We tend to associate Nottingham with Robin Hood & Prince John, but next week it will be Prince Harry that visits the city to look at two projects that have been supported by The Royal Foundation of The Duke and Duchess of Cambridge and Prince Harry. The visit will focus on youth and local communities, and the two projects will be Coach Core and the Full Effect Project.
The day will begin with the Prince formally opening the new Central Police Station in Maid Marion Way. The new police station is a combined hub with staff from Nottingham City Council. As well as opening the station, the Prince will meet neighbourhood policing teams and council staff. He will also find out about how young people are gaining experience with both organisations through apprenticeships and Police Cadets.
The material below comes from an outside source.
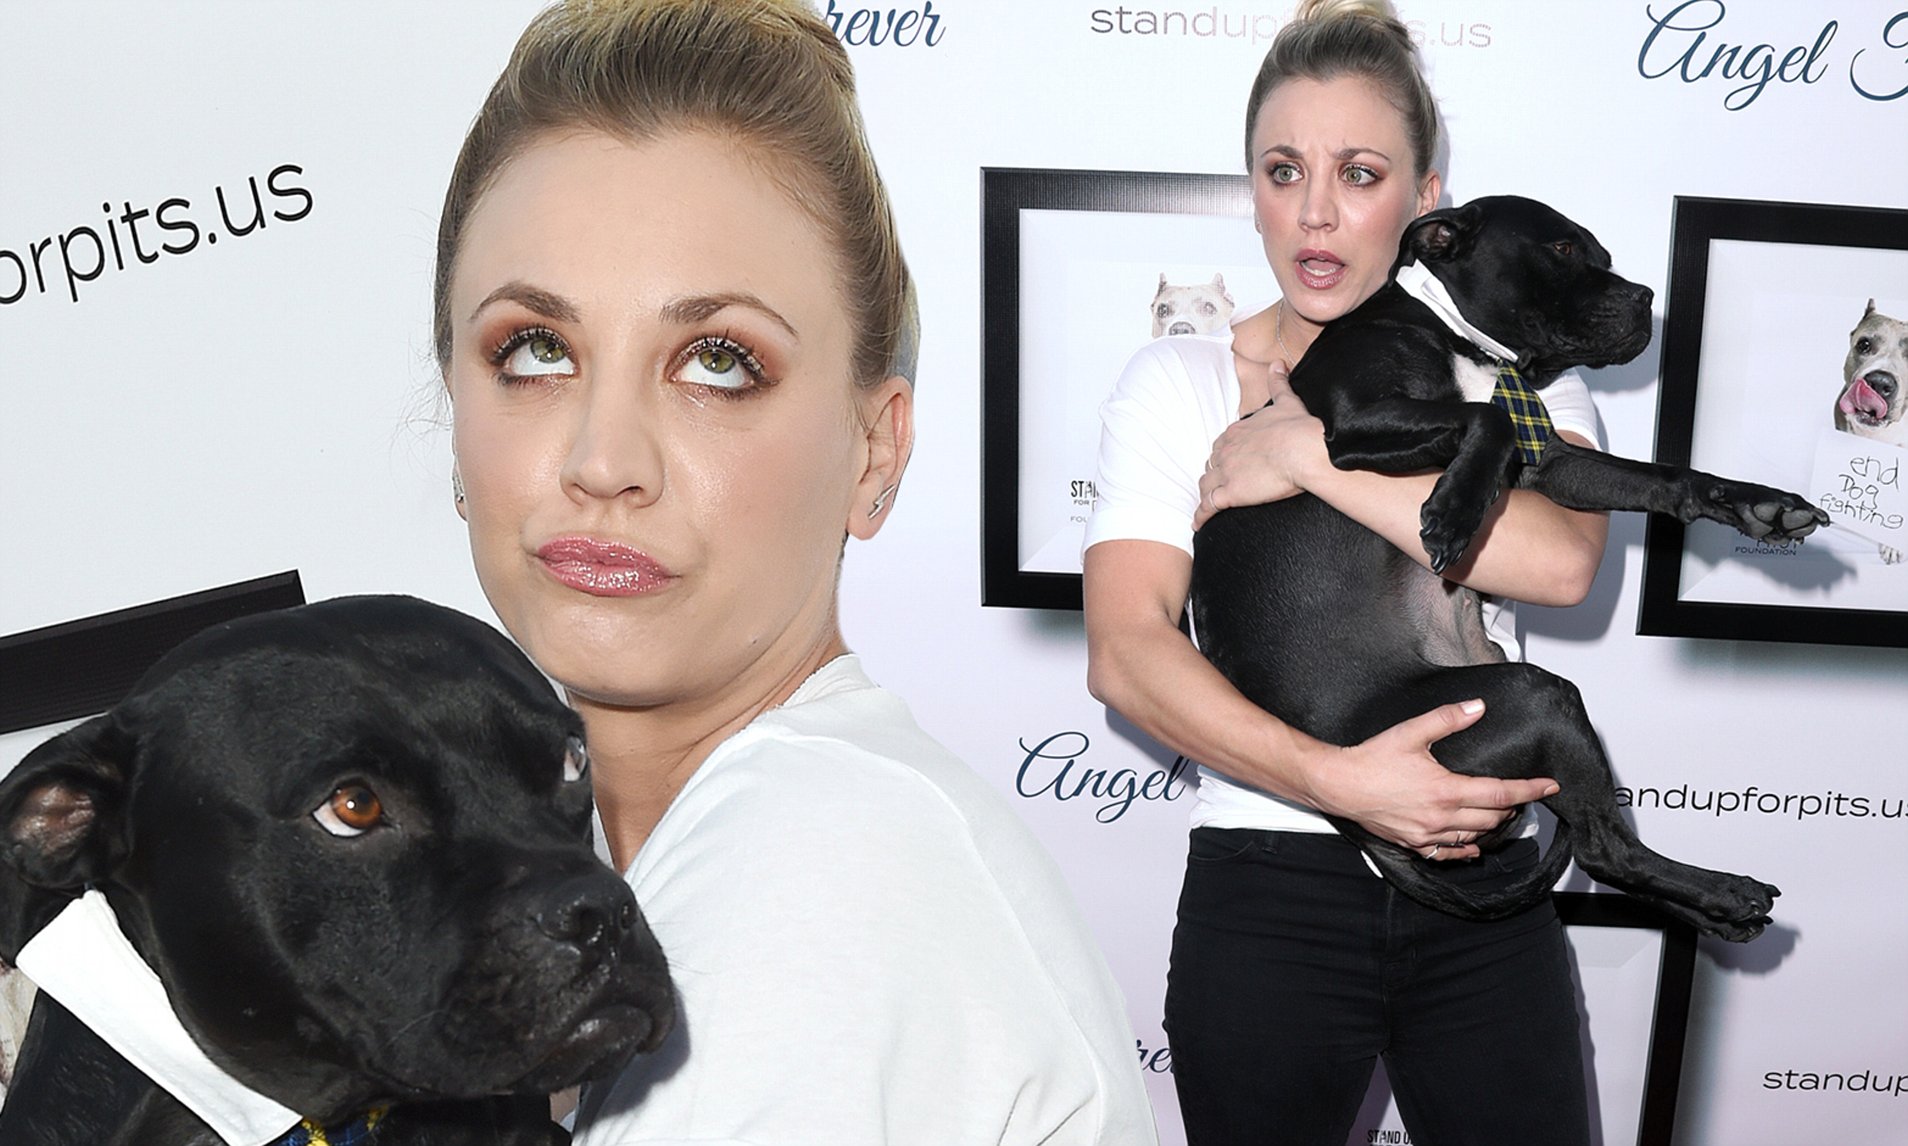 christian paul layug recommends Kaley Cuoco Doggy Style

From there the Prince will go to the National Ice Centre in Nottingham, perhaps best known for it being the place where Torvill & Dean trained. The Ice Centre is one of the partners involved in Nottingham’s Coach Core sporting apprenticeships. These apprenticeships provide opportunities for young people aged between 18 and 24 to train as sports coaches. Nottingham has teams near the top of the tree in a number of sports, and some are involved with the Royal Foundation including Nottingham Forest FC, Notts County FC and Northamptonshire Cricket Club.
Prince Harry will not only hear how the scheme is running within the city, but whilst he is in the National Ice Centre, another local partner, he will also see some of the scheme’s apprentices run a training session for young figure skaters on the rink.
From there he will go to visit a project in St Ann’s which he has visited a number of times officially and unofficially since his first visit in 2013. The Community Recording Studio is home to the Full Effect project which aims to improve the opportunities for young people and reduce youth violence in the area. The scheme has a two-pronged attack; to provide young people with apprenticeships in mentoring and leadership and train them to be youth leaders. At the same time, it works to support primary schoolchildren, working with their schools and families to move them away from the chances of entering a world of youth violence.
The Prince will hear of the positive changes that the programme is bringing to the city and its young people, before dropping in on rehearsals for Hip Hopera. This project supported by Full Effect is aiming to engage young people through the universal media of music. He will also get a chance to people who have already been through the Full Effect programme and are now mentors.